Tag Archives: Nostalgia

Memories, Nostalgia and a Loss of Innocence

President John F. KennedyFall is a tough time of year for me. It’s a hard thing to admit, as so many people love the autumn change of season. For me, the loss of colour and beauty, as the trees shed their leaves, coupled with the darkness of shorter days, has always been personally challenging. The fall is also a constant reminder for me of where my health journey all began.

November 22, 1963. A day everyone remembers as the day John F. Kennedy was assassinated. The whole world mourned America’s “loss of innocence.” For me, it became a pivotal day. A day that changed my life — forever. As a world, we mourned a collective loss of innocence. That day, I experienced my own personal loss of innocence. A loss that would in many ways, inform the rest of my life.

As a junior high student, vice-president of the student council at the time, I’d been suffering for several years with undiagnosable health issues that had me subjected to doctor after doctor, test after test, with a predicted, yet unlikely, prognosis that I was a “perfectionist.” I was down to a shocking 85 pounds and was considered deathly ill. Although the perfectionist diagnosis was possibly the truth, it probably wasn’t a viable diagnosis for the physical symptoms. Through years of seeking and exploration, I know now, the two are absolutely connected.
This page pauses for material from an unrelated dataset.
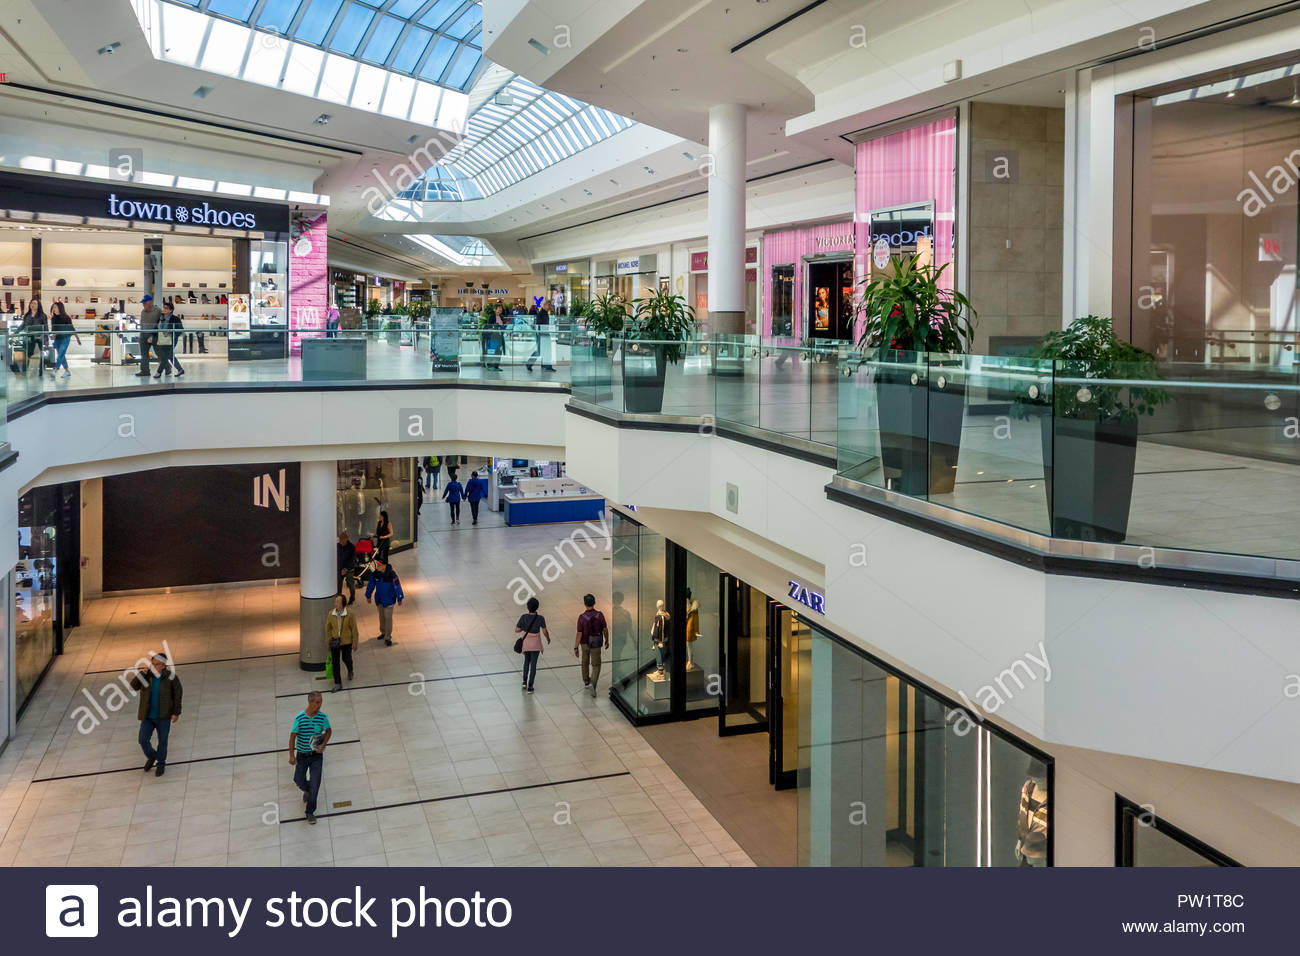 Fairview Mall High Resolution Stock

On November 22, 1963, my father, Louis, picked me up from school and we talked about the loss of president Kennedy and what it meant to us all. It had only been briefly mentioned at school that day, from my memory. Perhaps that memory is lost forever, as my father then announced to me, with great relief in his voice, that the newest doctor I had been taken to finally found “something.” My large and small bowel had somehow twisted themselves in a huge knot, an unusual “never before seen” phenomenon, that was later written up in a prestigious medical journal.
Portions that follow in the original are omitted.